Добавить в цитаты Настройки чтения

Страница 35 из 73

С точки зрения логики возражать против этого приказа было невозможно. Однако приказ этот был несправедлив, ибо Дюма, как и раньше, продолжал исполнять свои обязанности переписчика. Подобный приказ был бы оправдан в отношении любого другого служащего, но не Дюма, которому почти удавалось быть одновременно в двух местах.

   — Значит, я либо должен отрицать, что занимаюсь литературой, и просить, чтобы мне отдали моё жалованье, либо подтвердить, что я занимаюсь литературой, и отказаться от места?

   — Совершенно верно, — ответил господин де Броваль.

   — В таком случае я ухожу, — заявил Дюма.

   — До конца месяца всего десять дней. Вы можете оставаться на службе в течение этого времени и получить ваше последнее жалованье, — заметил г-н де Броваль.

   — Благодарю вас, — сказал Дюма, — но после подобного приказа я не останусь здесь ни минуты. Будьте добры, считайте, что я был уволен двадцать дней назад.

   — Но тем самым вы жертвуете двумя третями месячного оклада!

   — Прошу вас, соблаговолите передать герцогу, чтобы он пожертвовал эти деньги беднякам, — гордо ответил Дюма и вышел из кабинета.

Мать Дюма, узнав эту новость, слегла, заявив, что если ей суждено умереть с голоду, то она предпочитает сделать это в собственной постели.

Сам же Дюма, неукоснительно придерживающийся новой тактики, задумался, как извлечь наибольшую выгоду из своего увольнения. Придуманный им ход оказался прост: надо распространить слух, будто его выгнали со службы не за то, что он не исполнял своей работы, а намекнуть, что его увольнение вызвано глубокими и загадочными политическими причинами.

Два факта могли придать достоверность этому слуху. Прежде всего, служащие секретариата герцога Орлеанского прекрасно знали, что Дюма всегда аккуратно исполнял свои обязанности. Если, невзирая на это, герцог уволил Дюма, значит, есть другая причина. И где следует её искать, как не в написанной Дюма пьесе? В пьесе, разоблачающей тайные стремления герцога Орлеанского.

Ведь в пьесе были выведены два кузена, Генрих III и герцог де Гиз, а последний пытался отнять трон у Генриха III. Но сейчас царствует Карл X, а герцог Орлеанский — его кузен. Может быть, герцог Орлеанский лелеет честолюбивые замыслы сменить на троне Карла X? Не поэтому ли он выбросил на улицу своего служащего? Не потому ли, что в своей пьесе Дюма разоблачал тайну герцога?

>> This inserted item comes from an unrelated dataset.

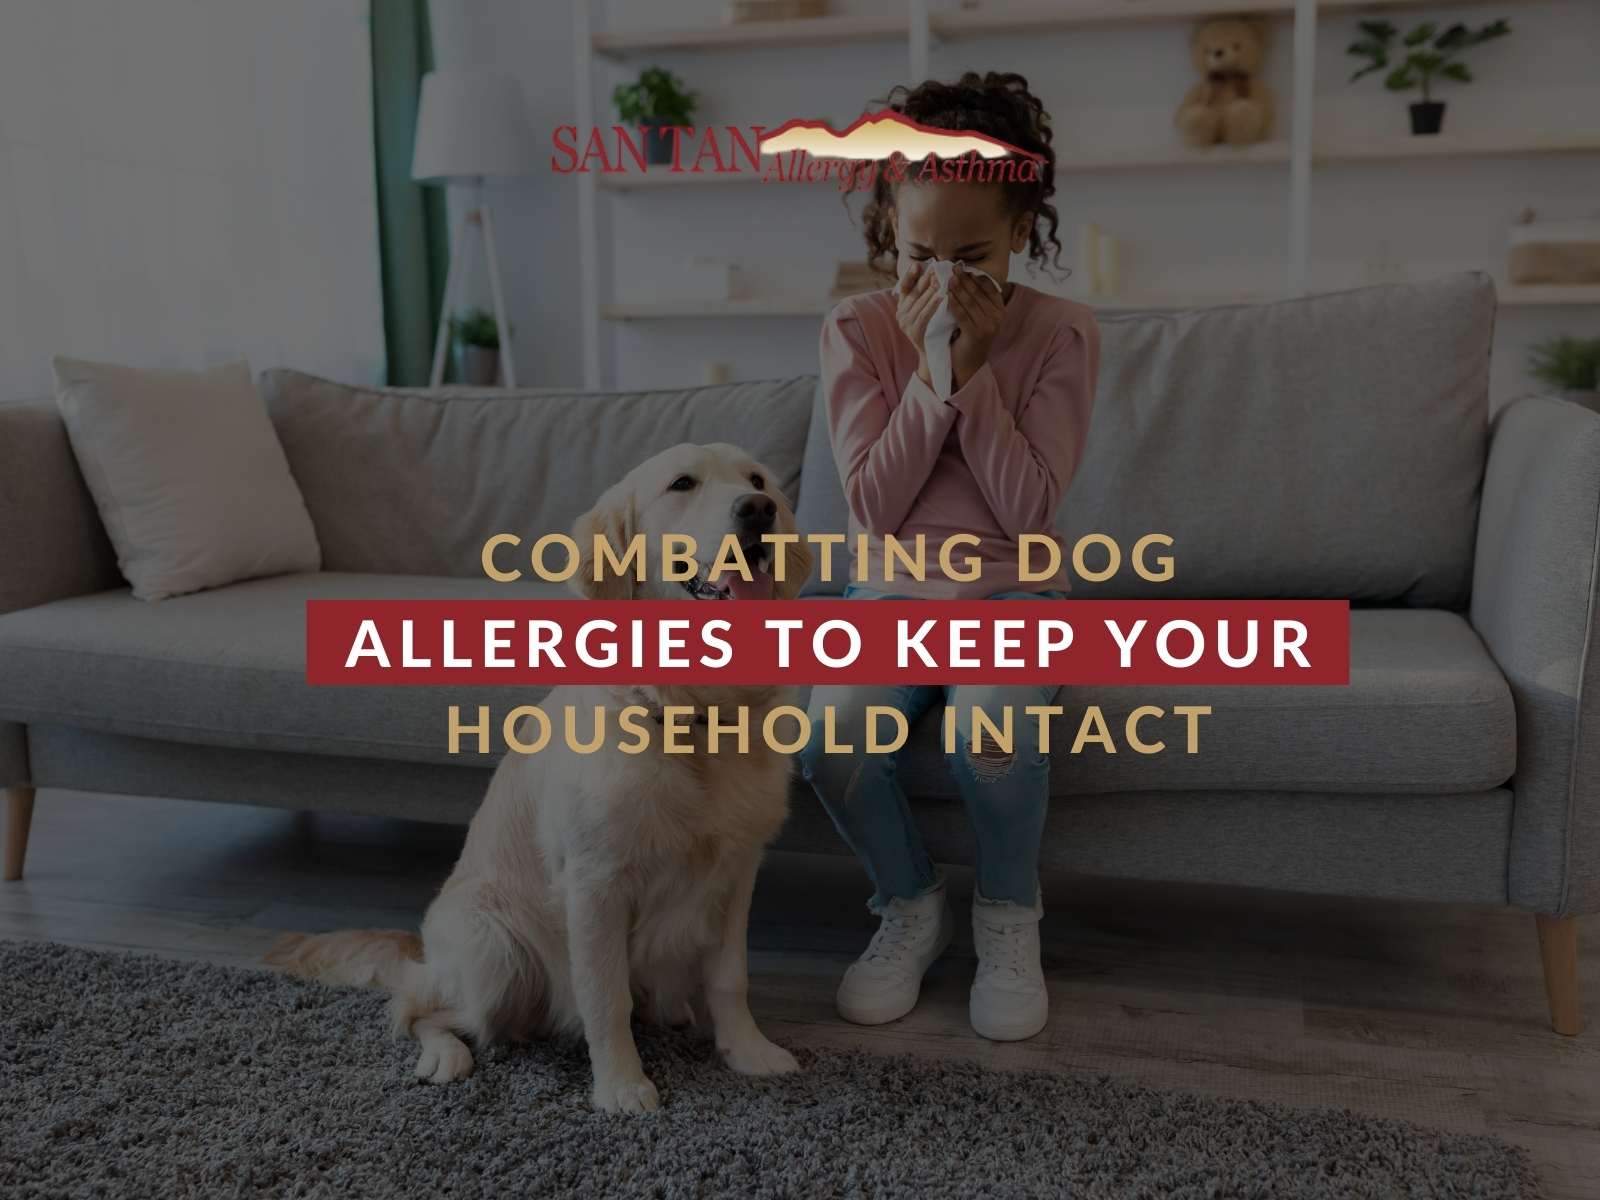 Combatting Dog Allergies To Keep Your Household Intact

По мере того как эти предположения получали всё большее распространение, — они крепли с каждой репетицией пьесы, — росла и слава драмы Дюма. Во Франции не осталось актёра или актрисы, которые не дали бы отрезать себе правую руку, чтобы только заполучить роль в этой пьесе; не осталось театра, включая «Комеди Франсез», который посмел бы её отвергнуть.

Теперь запретить постановку могла лишь королевская цензура.

Слухи, касающиеся герцога Орлеанского, приняли такой размах, что он был вынужден отправиться к своему кузену Карлу X, чтобы заверить короля, что они не имеют под собой совершенно никаких оснований.

— Я уволил Дюма потому, что всё своё время он уделял литературе, а не занимался своими конвертами, — заявил герцог. — У вашего величества нет более преданного, более довольного и более скромного подданного, нежели я. Уверяю вас!

   — В данных условиях у меня нет никакого повода запрещать пьесу, — сказал король.

И ближайшей депутации, пришедшей умолять короля наложить запрет на антироялистскую драму Дюма, Карл X ответил:

   — Когда речь идёт о королевстве театра, то я всего лишь его подданный, как и любой другой зритель, и моя власть ограничивается требованием хорошего места и правом по моему усмотрению свистеть или аплодировать.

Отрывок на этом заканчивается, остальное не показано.